AVRASYA Uluslararası Araştırmalar Dergisi, vol.10, no.31, pp.430-444, 2022 (Peer-Reviewed Journal)
After World War II (1939-1945) a bipolar world order emerged
under the leaderships of the United States and the Soviet Union. The postwar
period was later called as the Cold War Era that witnessed a great tension
between the Western and Eastern blocs. Both sides abstained from a direct war
and generally competed in such fields as military, political, economic, cultural,
and so on. Although avoiding from military interventions was the main principle,
the continuous hostility between two nuclear superpowers inevitably forced them
to consider military options. In this point, security question became a vital
subject between the United States and the Soviet Union, and deeply influenced the
shaping of characteristics of two powers’ relations. It was foreseen that the
security concerns based on nuclear threat would come to an end with the collapse
of the Soviet Union and with the end of the Cold War. However, the expansion of
NATO to the Eastern Europe and Baltic region, and possibility of new member’s admission
to NATO, including Ukraine, in one hand, Russia’s efforts to be a superpower in
the world politics, on the other hand, revealed that the security concerns have
not completely disappeared with the end of the Cold War. Thus, revisiting some
discussions on the security concerns during the Cold War, and bringing them to
the attention of academic world would be stimulating. This article will focus
on some fundamental discussions on the security concerns during the Cold War.

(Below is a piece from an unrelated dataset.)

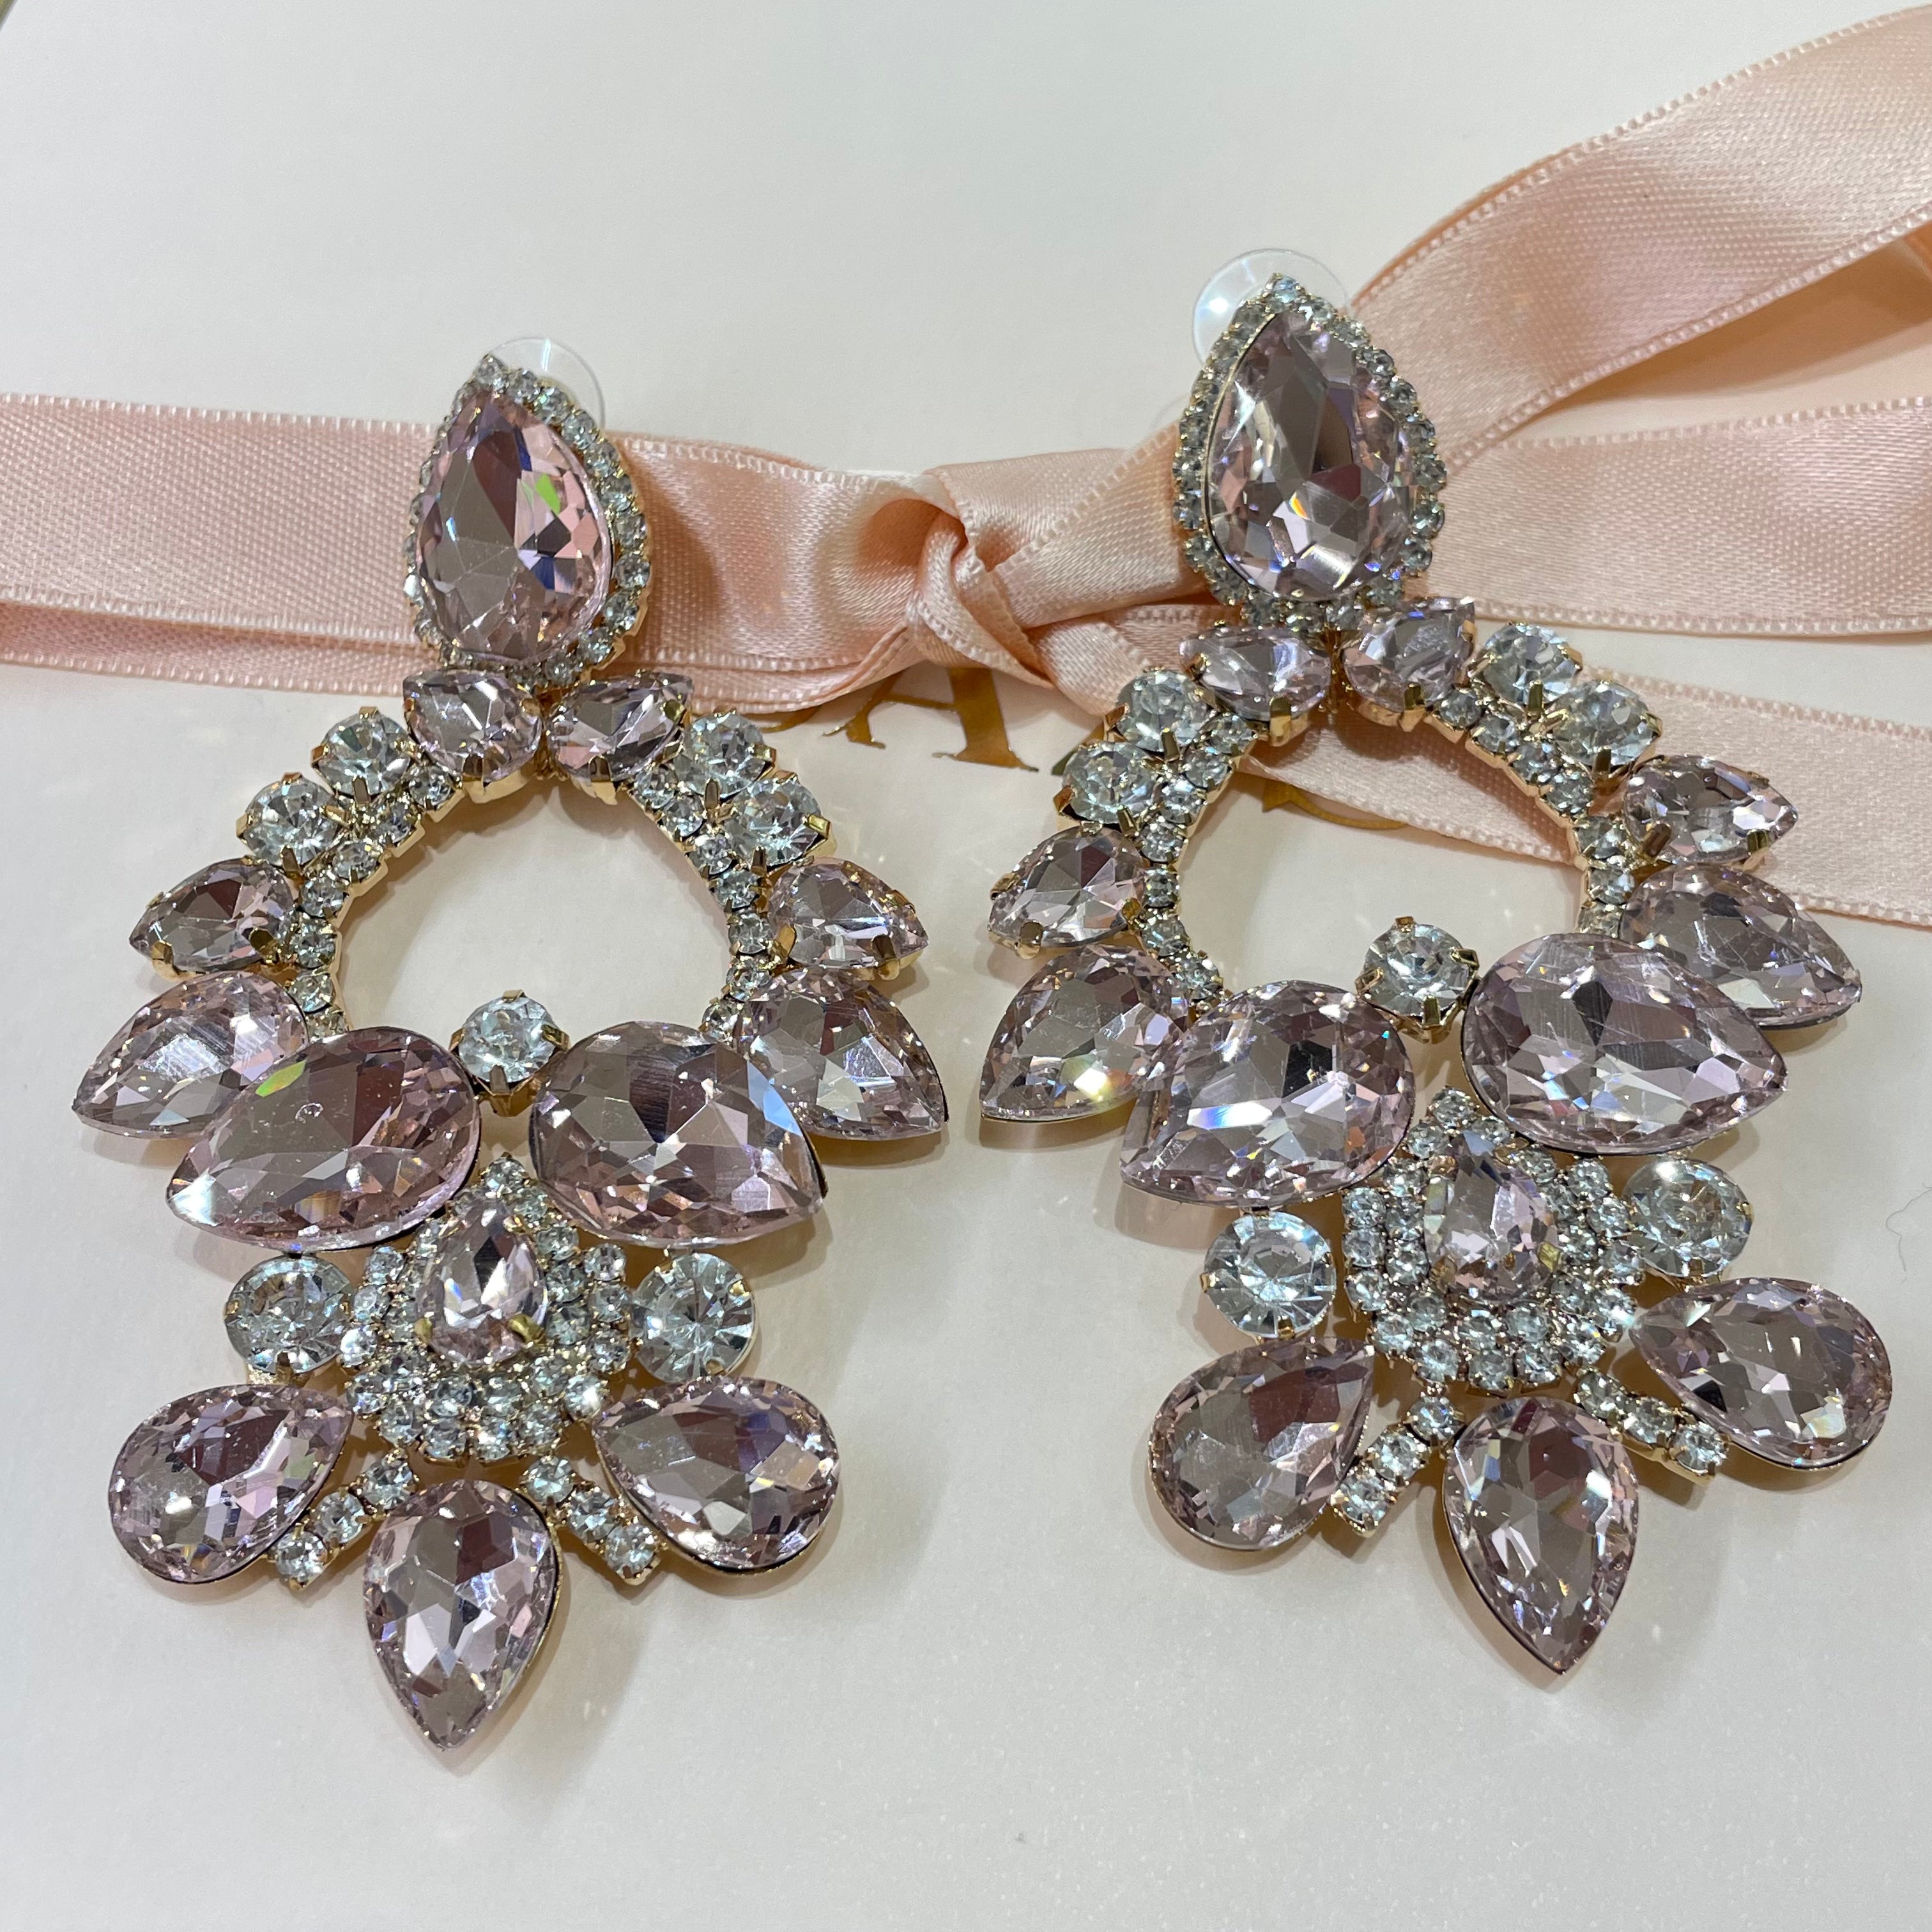 Light pink earrings

Firstly, the formation of the US national security understanding, and the role
of National Security Council Report 68 (NSC-68) in shaping of the US security
concept during the Cold War will be explained. Secondly, the role of nuclear
deterrence in the establishment of national security concept will be discussed.
Finally, the concept of ‘security dilemma’ and the opinions of Robert Jervis on
security dilemma will be evaluated.
Keywords: National Security, Deterrence,
Cold War, Nuclear Threat, Security Dilemma
İkinci Dünya Savaşı
(1939-1945) sonrasında Amerika Birleşik Devletleri ve Sovyet Sosyalist
Cumhuriyetler Birliği liderliğinde iki kutuplu bir dünya düzeni ortaya çıktı.

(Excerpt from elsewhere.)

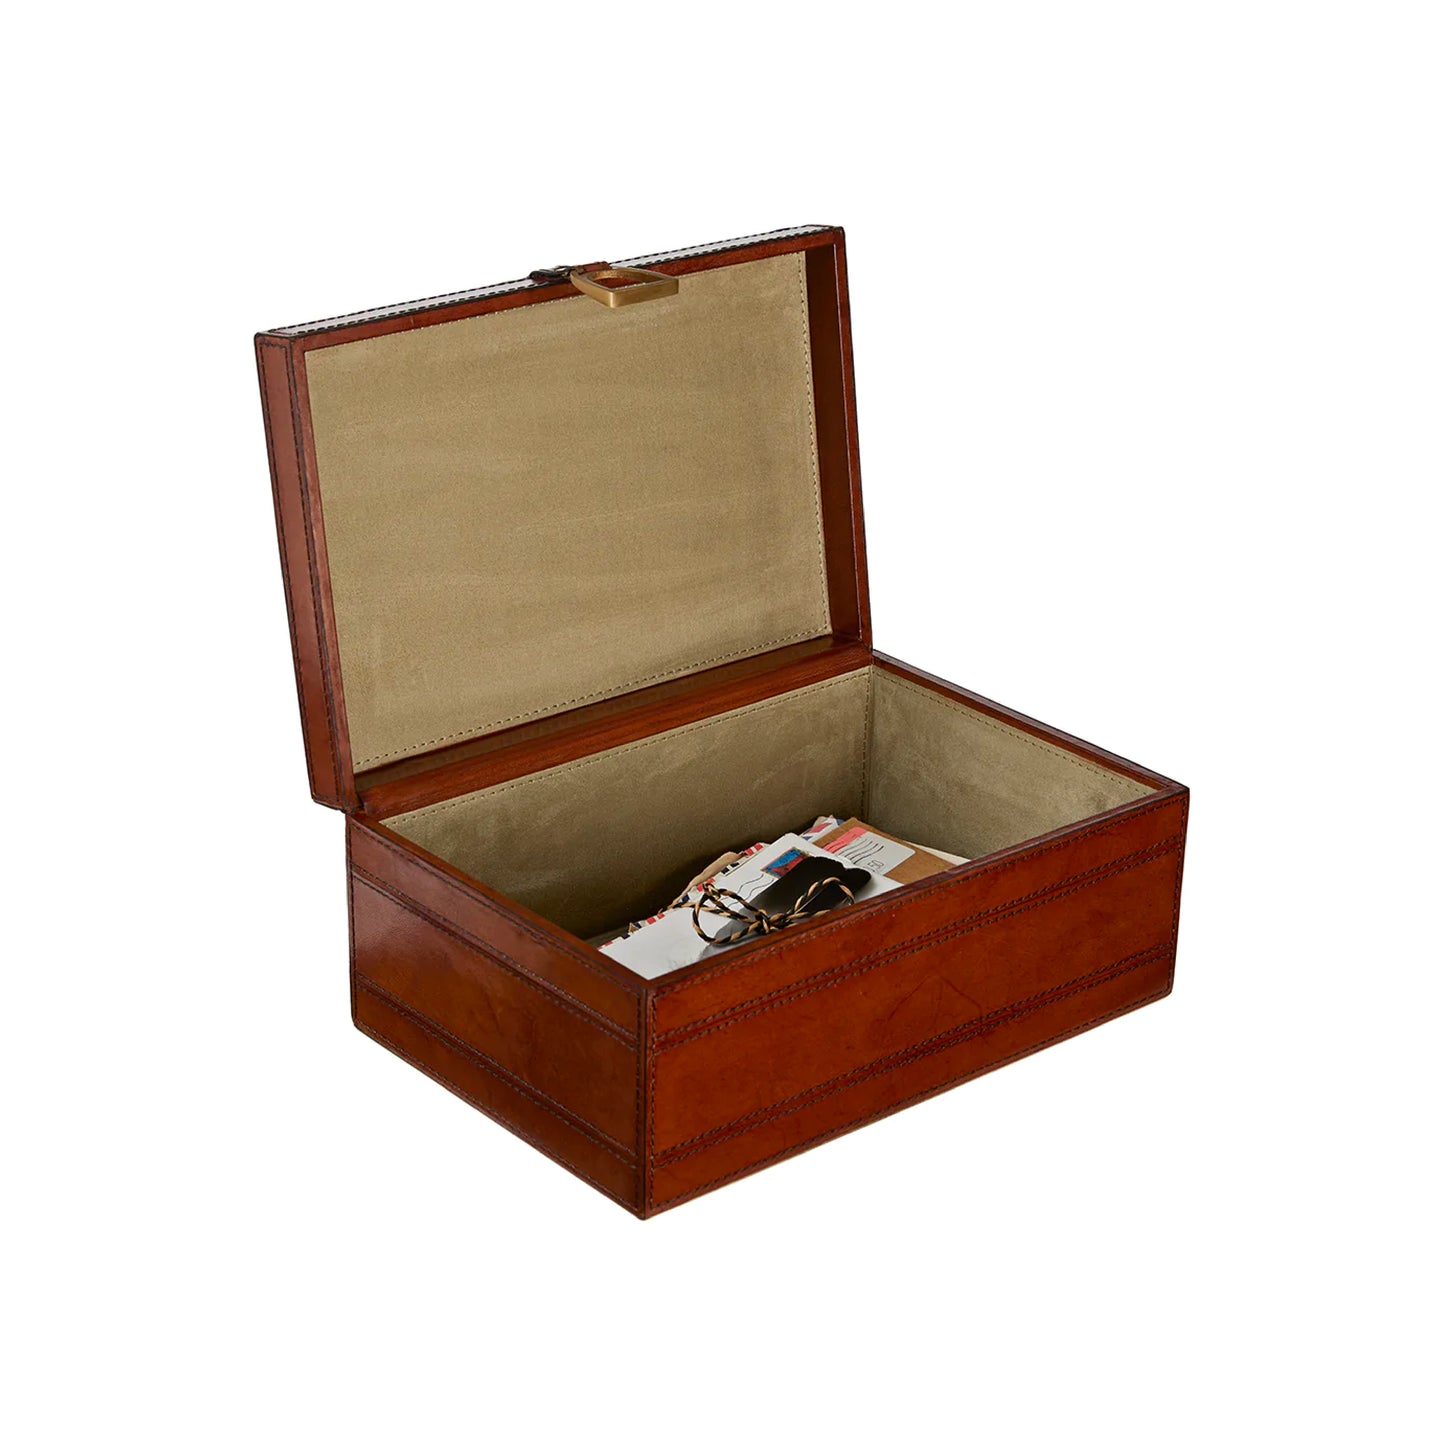 Stirup Vanity Box - Choose from Three Sizes or Set of Three

ABD liderliğindeki Batı Bloku ve SSCB liderliğindeki Doğu Bloku arasındaki
düşmanca ilişkiler Soğuk Savaş olarak tanımlandı. İki tarafın direkt askeri
çatışmadan kaçındığı bu dönemde askeri, siyasi, ekonomik, kültürel vb.
alanlarda büyük bir rekabet yaşandı. Her ne kadar sıcak çatışmadan uzak durmak
temel prensip olsa da nükleer silahlara sahip iki büyük gücün düşmanlığı askeri
seçeneklerin her zaman masada olmasını kaçınılmaz hale getirdi. Bu noktada
güvenlik sorunu hem ABD hem de SSCB için hayati bir konu haline geldi ve Soğuk
Savaş döneminde devletler arası ilişkilerin karakterinin şekillenmesinde etkili
oldu. SSCB’nin dağılması ve Soğuk Savaş’ın sona ermesiyle nükleer tehdit
temelli güvenlik kaygılarının sona ereceği öngörülüyordu. Ancak bir yanda
NATO’nun Doğu Avrupa ve Baltık bölgesindeki genişlemesi ve Ukrayna dahil yeni
ülkelerin katılma olasılığı diğer tarafta Rusya Federasyonu’nun dünya
siyasetinde yeniden süper güç olma çabaları güvenlik sorunlarının Soğuk Savaş
ile kapanmadığını gösterdi. Bu çerçevede, Soğuk Savaş dönemine dair bazı
konuların akademik camianın dikkatine yeniden sunulması faydalı olacaktır. Bu
makale Soğuk Savaş döneminde güvenlik sorununa dair bazı temel tartışmaları ele
alacaktır. Öncelikle, ABD’nin Soğuk Savaş dönemi ulusal güvenlik anlayışının
şekillenme süreci ve bu süreçte hazırlanan National Security Council Report
68’in (NSC-68) önemi açıklanacaktır. Sonrasında nükleer caydırıcılık
kavramı ve bunun Soğuk Savaş döneminde ulusal güvenliğin sağlanmasındaki rolü
tartışılacaktır. Son olarak da “güvenlik ikilemi” kavramı üzerinde
durulacaktır. Bu çerçevede, özellikle Robert Jervis’in güvenlik ikilemine dair
görüşleri değerlendirilecektir.
Anahtar Kelimeler: Ulusal Güvenlik, Caydırıcılık,
Soğuk Savaş, Nükleer Tehdit, Güvenlik İkilemi.